Every time someone says, “at least it’s a dry heat,” I want to stab them with a box cutter.
*at least it’s a short knife.
[forest precinct]
DETECTIVE OWL: HOO
BEAR: I dont know
DET OWL: HOO
BEAR: I DONT KNOW
DET OWL: HOO
BEAR: OK I DID IT…I ATE GOLDILOCKS!
It doesn’t make sense that there are so many poems about love, but there are no poems about hot, buttery mashed potatoes.
Hey buddy, if you didn’t want me napping in your pet store you shouldn’t have sleeping rooms filled with puppies.
If you try to teach me a lesson I will flunk on purpose, how dare you
Interviewer: How would you say the Queen’s response…
Prince William: Definitely not racistly!
Nothing makes you regret an outfit choice faster than when you see teens looking at you and whispering.
Why do I have all these cookie pans. I don’t even bake.
sometimes I wonder if Einstein’s friends were ever able to say “nice work, Einstein” without sounding sarcastic
Got kicked off from Instagram for eating my food before posting a pic of it.
Ummm
dracula is the original vampire, which means all other vampires are technically his kids. but has he ever paid child support?? dracula is nothing but a deadbeat dad, that’s why he can’t look at himself in the mirror, he’s too ashamed
Receptionist: the doctor can see you now
invisible man who’s also blind: who said that
receptionist: who said that
this husky was supposed to learn how to swim, but discovered that she could just float instead
(jukin media)
I attempted smoky eye makeup for a holiday party tonight, but instead it looks like I survived a bar fight, so I’m going with that story.

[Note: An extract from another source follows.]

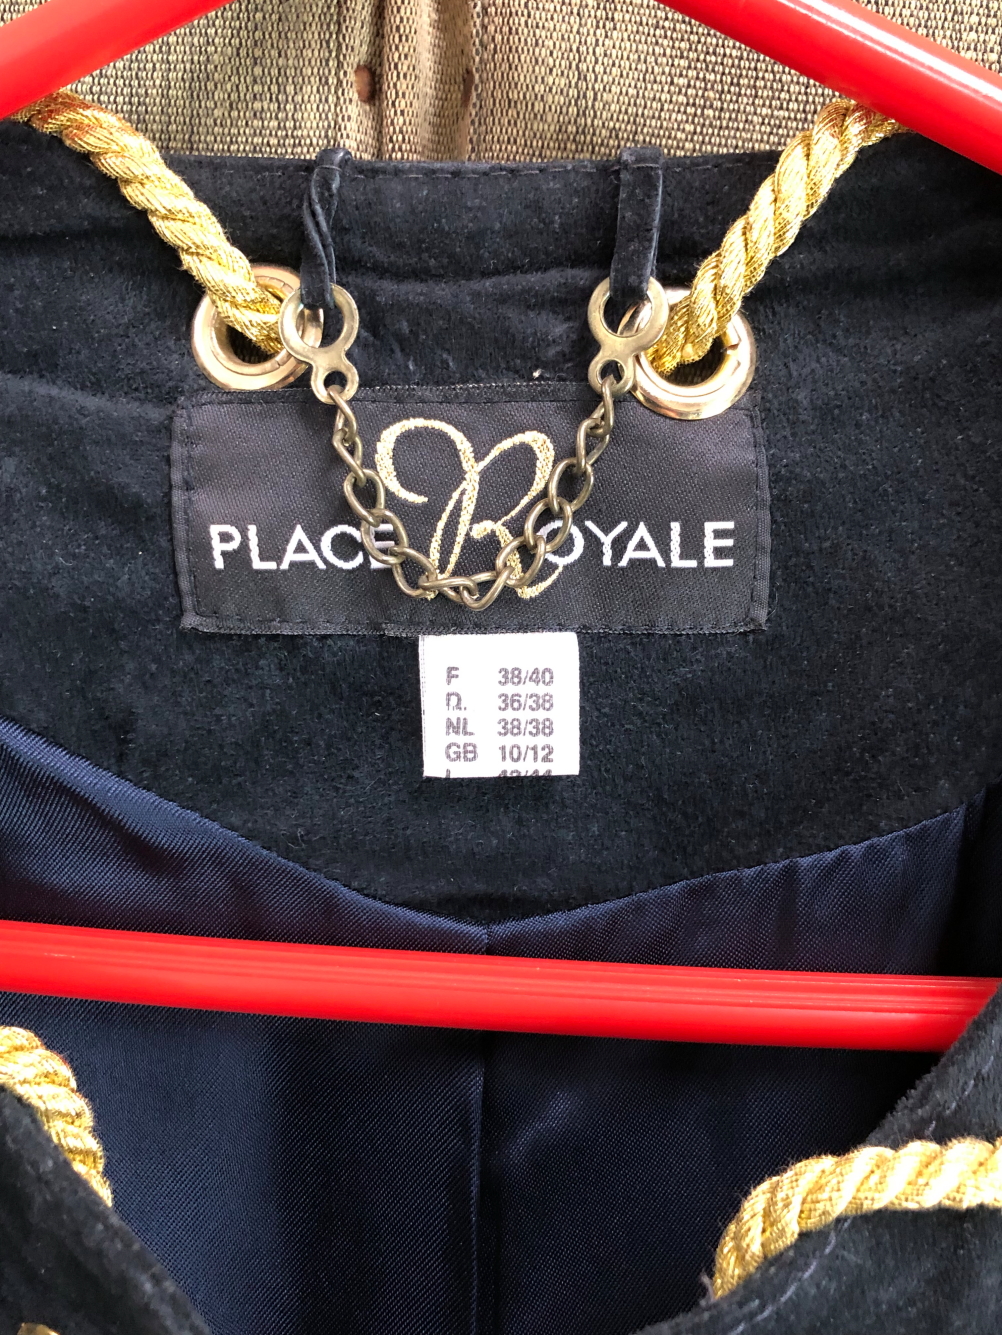 A DARK BLUE PLACE ROYALE SUEDE SHORT JACKET WITH GOLD STAR ROPE DETAIL GB 10/12 - Image 2 of 4

The little notes taped everywhere in your Airbnb:
Keep porch light off after 11:00pm.
Don’t use bathroom outlet for hairdryer. Breaker will trip.
If you hear a child crying in old pantry, don’t open the door. It’s not a child, DON’T OPEN THE DOOR.
My husband and I now have an app that tells us if the garage door is open or closed and this effectively gets rid of 90% of conversation during car rides.
I can work well with others OR pass a drugs test. I can’t do both.